I am a beginner in CUDA and OpenGL so I’m kind of lost.
I was using this tutorial to create my CUDA library: OpenGL Interoperability with CUDA | 3D Game Engine Programming

Here some of my code:

__global__ void sobelfilter_kernel(int iw, int ih, unsigned char *source, unsigned char *dest)
{
    // Calculate our pixel's location
    int x = (blockIdx.x * blockDim.x) + threadIdx.x;
    int y = (blockIdx.y * blockDim.y) + threadIdx.y;

    // Operate only if we are in the correct boundaries
    if(x > 0 && x < iw - 1 && y > 0 && y < ih - 1)
    {
        int gx = -source[iw*(y-1)+(x-1)] + source[iw*(y-1)+(x+1)] +
                 -2*source[iw*(y)+(x-1)] + 2*source[iw*(y)+(x+1)] +
                 -source[iw*(y+1)+(x-1)] + source[iw*(y+1)+(x+1)];
        int gy = -source[iw*(y-1)+(x-1)] - 2*source[iw*(y-1)+(x)]
                 -source[iw*(y-1)+(x+1)] +
                  source[iw*(y+1)+(x-1)] + 2*source[iw*(y+1)+(x)] +
                  source[iw*(y+1)+(x+1)];
        dest[iw*y+x] = (int) sqrt((float)(gx)*(float)(gx) + (float)(gy)*(float)(gy));
    }
}
int processingExec(int opengl_buffer, int width, int height)
{
	//Register the OpenGL Vertex Buffer with CUDA
	struct cudaGraphicsResource * cuda_vbo_resource = 0;
	cudaGraphicsGLRegisterBuffer(&cuda_vbo_resource, opengl_buffer, cudaGraphicsRegisterFlagsNone);

	//Give access authority of the vbo to cuda
	//This will effectively “lock” the resource to the CUDA resource object
	cudaGraphicsMapResources(1, &cuda_vbo_resource, 0);

	 //Get a pointer to the device memory that can be used in the CUDA kernel
	 size_t num_bytes = 0;
	 unsigned char * dev_pointer = 0;
	 cudaGraphicsResourceGetMappedPointer((void**)dev_pointer, &num_bytes, cuda_vbo_resource);

//Kernel
         sobelfilter(width, height, dev_pointer, dev_pointer);

	 //Unmap the result from CUDA in order to be able to use it in opengl
	 cudaGraphicsUnmapResources(1, &cuda_vbo_resource, 0);
}

The opengl_buffer is the ID of my QOpenGLTexture created in Qt.
I’m using the code of a sobel filter as the kernel process.

First, I am not sure if I can use the same pointer for the source and the result for the sobelfilter.
Second, I have no idea what am I supposed to do to get back the result from the process. How am I supposed to get the result from the library to use it in OpenGL (on the Qt application, not inside the library)?
Third, the Unmap function is creating the “freeze” of the application. There is nothing displayed and the application is transparent. If I comment the Unmap function, I get the image but there is no sobel filter applied on it so basically, I think I am not getting back the result.

Thank you for your help!

Morgane

“First, I am not sure if I can use the same pointer for the source and the result for the sobelfilter.”

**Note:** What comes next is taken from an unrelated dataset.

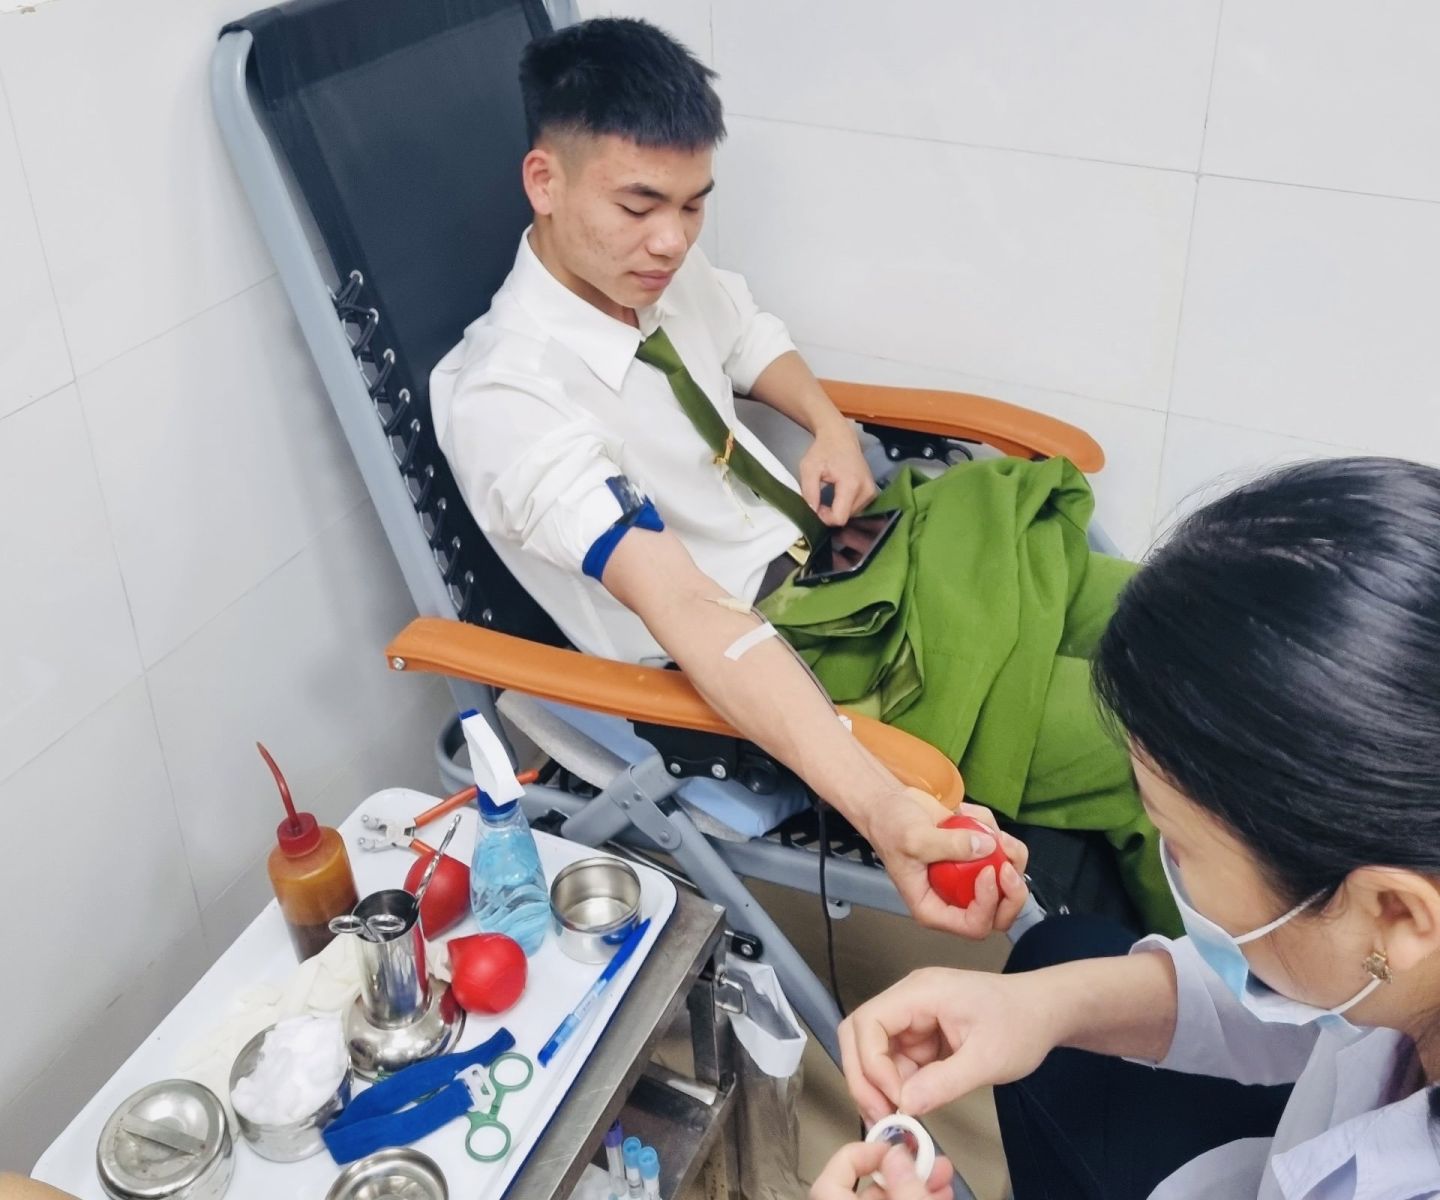 Chiến sĩ Trần Văn Tuấn hiến máu giúp sản phụ qua cơn nguy kịch

it depends on the mapping between source and result, from the perspective of the device/ threads
in some cases, the mapping is one to one, implying that a write can not overwrite a subsequent read, such that the source may very well become the result/ destination
in other cases, a bit of shuffling occurs, such that a write may very well overwrite a subsequent read

“Second, I have no idea what am I supposed to do to get back the result from the process. How am I supposed to get the result from the library to use it in OpenGL (on the Qt application, not inside the library)?”

the reverse of how you get the source/ data to/ on the device
memory copies between the device and host, and vice versa

“Third, the Unmap function is creating the “freeze” of the application. There is nothing displayed and the application is transparent. If I comment the Unmap function, I get the image but there is no sobel filter applied on it so basically, I think I am not getting back the result.”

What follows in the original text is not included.